Vector encoding of phylogenetic trees by ordered leaf attachment
Harry Richman, Cheng Zhang, Frederick A. Matsen
TL;DR
The paper introduces the ordered leaf attachment (OLA) encoding, a linear-time, bijective mapping between rooted, binary, leaf-ordered trees on $n$ leaves and a simple integer-vector space $\mathcal{C}_{n-1}$. It defines the OLA distance as the Hamming distance between encodings and shows that, while a single $NNI$ move can yield a large worst-case distance, the expected distance under random $NNI$ moves is bounded by 4, and it conjectures a height-based bound for $SPR$ moves with supporting empirical evidence.
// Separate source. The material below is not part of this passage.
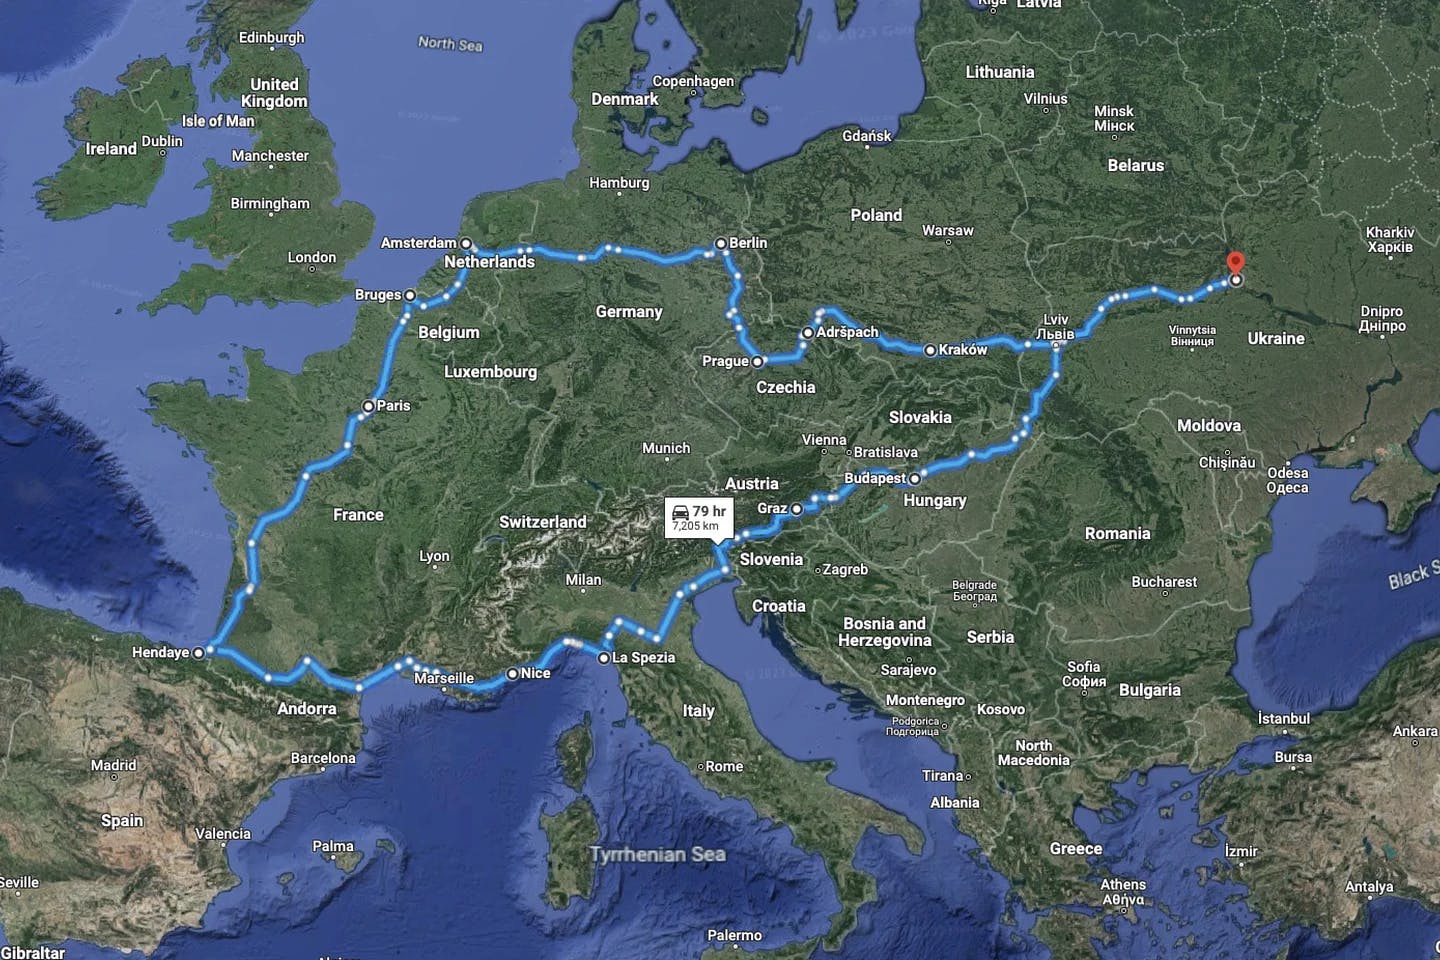 Road trip in 2021: around 10k km, 10 counntries over 6 weeks, from Ukraine to Atlantic Ocean and back

The methodology relies on canonical internal labeling via clade-founder and clade-splitter labels, enabling efficient encode/decode in $O(n)$ time and providing a practical, structure-preserving vector representation suitable for machine learning and tree-space exploration. The approach positions OLA relative to prior encodings (e.g., Phylo2Vec, LTS) while highlighting leaf-ordering dependencies and potential extensions to unrooted trees and branch lengths. Overall, OLA offers a simple, scalable framework for representing and comparing phylogenetic trees in vector form, with implications for learning, sampling, and downstream analyses.
Abstract
As part of work to connect phylogenetics with machine learning, there has been considerable recent interest in vector encodings of phylogenetic trees. We present a simple new "ordered leaf attachment" (OLA) method for uniquely encoding a binary, rooted phylogenetic tree topology as an integer vector. OLA encoding and decoding take linear time in the number of leaf nodes, and the set of vectors corresponding to trees is a simply-described subset of integer sequences. The OLA encoding is unique compared to other existing encodings in having these properties. The integer vector encoding induces a distance on the set of trees, and we investigate this distance in relation to the NNI and SPR distances.